Trump's executive order on Tuesday includes an exemption for 'build-to-rent' communities: neighborhoods of newly constructed single-family homes produced specifically to be rented out. Developers argue that investors of build-to-rent properties don't compete with individual home buyers and instead help people live in pricier neighborhoods where they cannot afford to own.

The specifics of how it might be implemented are not yet clear, however, including how the terms "large institutional investor" and "single-family home" will be defined—which the order gives Treasury Secretary Scott Bessent 30 days to determine.

Limited Market Impact Expected

By June 2022, institutional investors owned around 450,000 homes, or about 3%, of all single-family rental homes nationally, according to a 2024 study by the Government Accountability Office.
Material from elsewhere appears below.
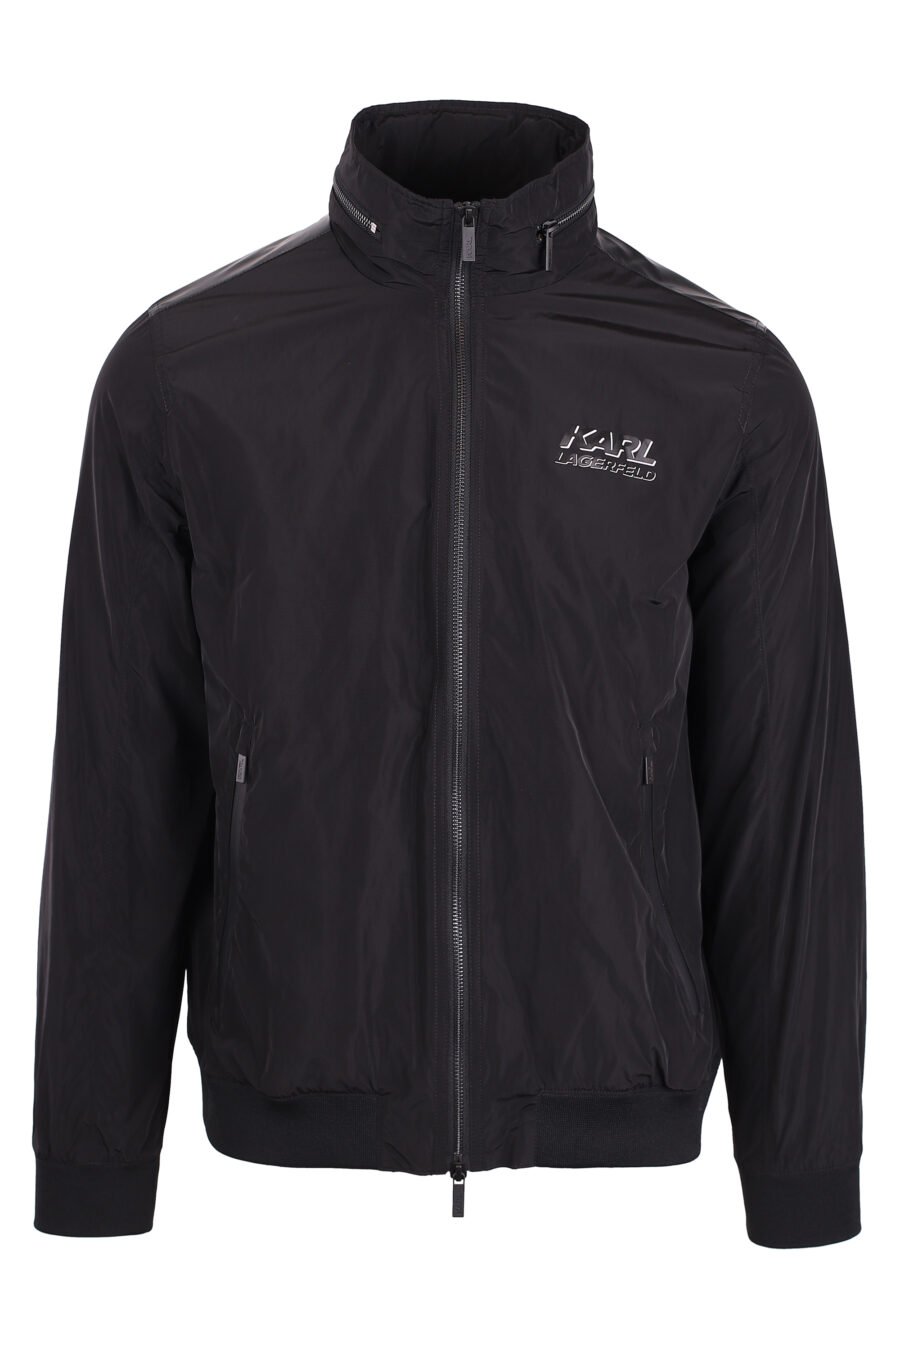 Schwarze Jacke mit Reißverschluss und schwarzem 3d weißem Logo - IMG 4318

Firms that own 100 or more single-family homes control roughly 2% of the nation's single-family housing stock, according to John Burns Research and Consulting.

Experts tell TIME that they expect the move to have only a small effect, saying that its scope is limited and it doesn't address the issues most responsible for high housing prices. "This executive order appears to be fairly benign in practical terms," says Tobias Peter, a co-director at the American Enterprise Institute Housing Center.

But that doesn't solve the core affordability problem, which is that there simply aren't enough homes for sale," Daryl Fairweather, the chief economist at the real estate brokerage firm Redfin, tells TIME in a statement. "The real problem is that we've added far more households than we've built single-family homes," Jay Parsons, an analyst who tracks rental housing and development trends, tells CNBC Make It.

Future Legislative Plans

Trump also signaled the action is intended as more than a temporary measure, directing senior White House staff to prepare legislation to make the policy into law. Within the White House itself, it instructs several officials to develop legislative recommendations to codify the order's goals. U.S. Sen. Bernie Moreno, a Republican from Ohio, has said that he would introduce legislation to implement Trump's ban on large investors. In an interview last week, however, he said that legislation was still in early stages and would take at least 60 days.

The order represents a rare bipartisan issue, as a move by Trump to target Wall Street landlords would align him with Democrats, who for years have criticized corporate homebuying, claiming it has helped stoke housing costs, and have unsuccessfully pushed bills to crack down on the trend. Whether this executive order will meaningfully address housing affordability remains to be seen, with experts suggesting that increasing housing supply remains the more pressing challenge facing American homebuyers.